Nothing like that is happening today, obviously. And despite their vast scale and geologically rapid pace, the CO₂ emissions from these eruptions were slower than human emissions. “Even then, the [rate] of CO₂ emitted is… still only half human emissions,” said Schmidt.

They killed because they typically emitted enough carbon dioxide to warm the climate by several degrees for tens of thousands of years, punctuated by brief cold episodes caused by sulfur dioxide emissions, creating climate whiplash. They often triggered the loss of oxygen in seawater, which killed off many marine species, and they dished out a cocktail of nasties like mercury, methane, and acid rain. They may have even destroyed the ozone layer.

Humans are doing many of those same things but to a smaller extent and over a shorter time.

We’re not the first to have altered global climate

Humans are not the first species to have altered global climate. We’re just the latest organisms whose individual effects, multiplied by a huge population, have transformed the planet.

“Life evolves. Evolution is innovation. Occasionally, innovation is metabolic,” said Lenton.

Life’s innovations have triggered several step changes in Earth’s system, each with climatic consequences. When cyanobacteria evolved to create oxygen as a waste product of photosynthesis, the subsequent build-up of oxygen in the atmosphere around 2.4 billion years ago removed methane, a greenhouse gas, and buried carbon on the seafloor, plunging the planet into a series of worldwide glaciations.

Stability returned with a slightly oxygenated atmosphere for a billion years until life disrupted the world again 720 million years ago.

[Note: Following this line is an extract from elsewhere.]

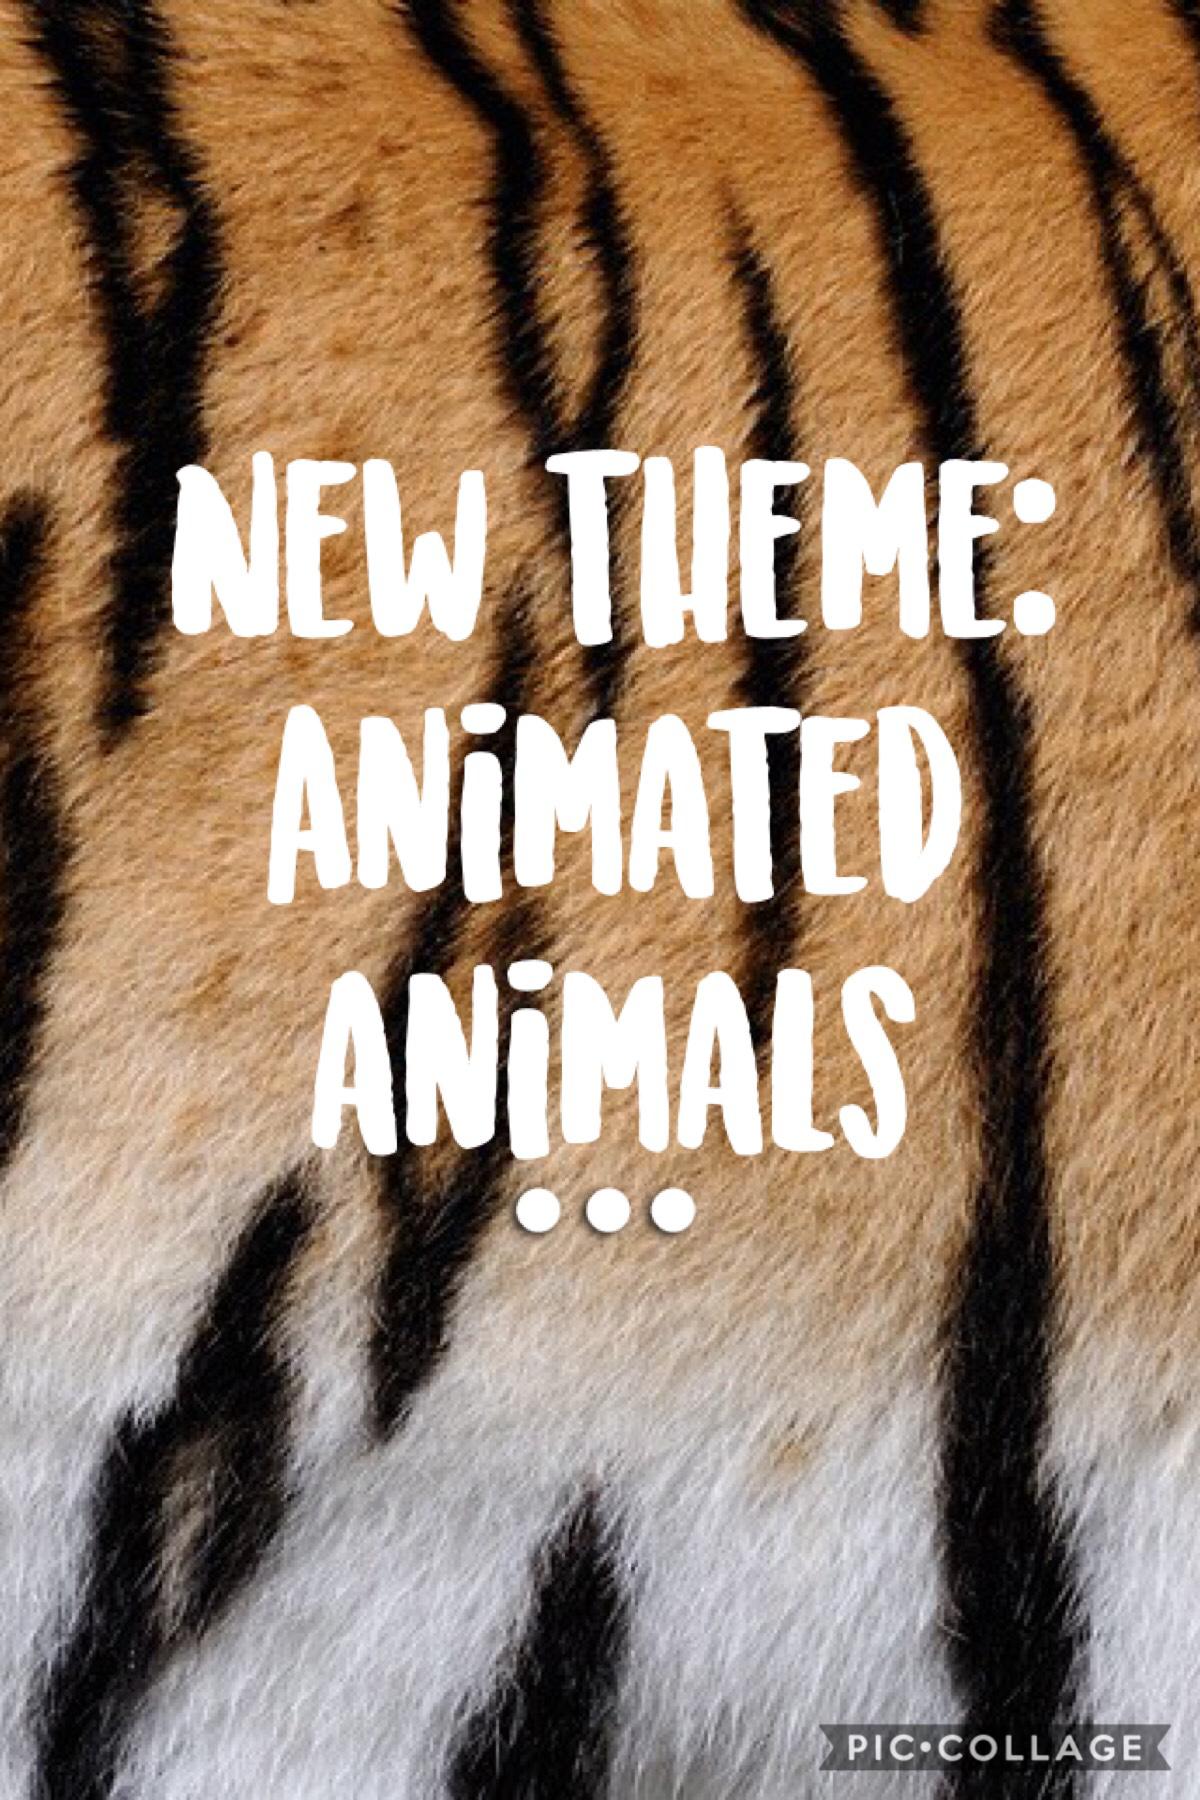 Animated animals!!!

Lenton cites evolutionary data that points to early fungi and green algae evolving at the time, which could have boosted weathering on land. “Fungi are really good at rock dissolving,” said Lenton. “Green algae and fungi together… could conceivably be part of why there are some ancient soil profiles from the time that show quite strong weathering signatures.”

At the same time, oceans that had until then been dominated by microbes began to teem with larger, multicellular life like algae, which leave behind dead bodies heavy enough to sink to the seafloor. The effect was to take carbon that had come from atmospheric CO₂ and lock it away in sediments.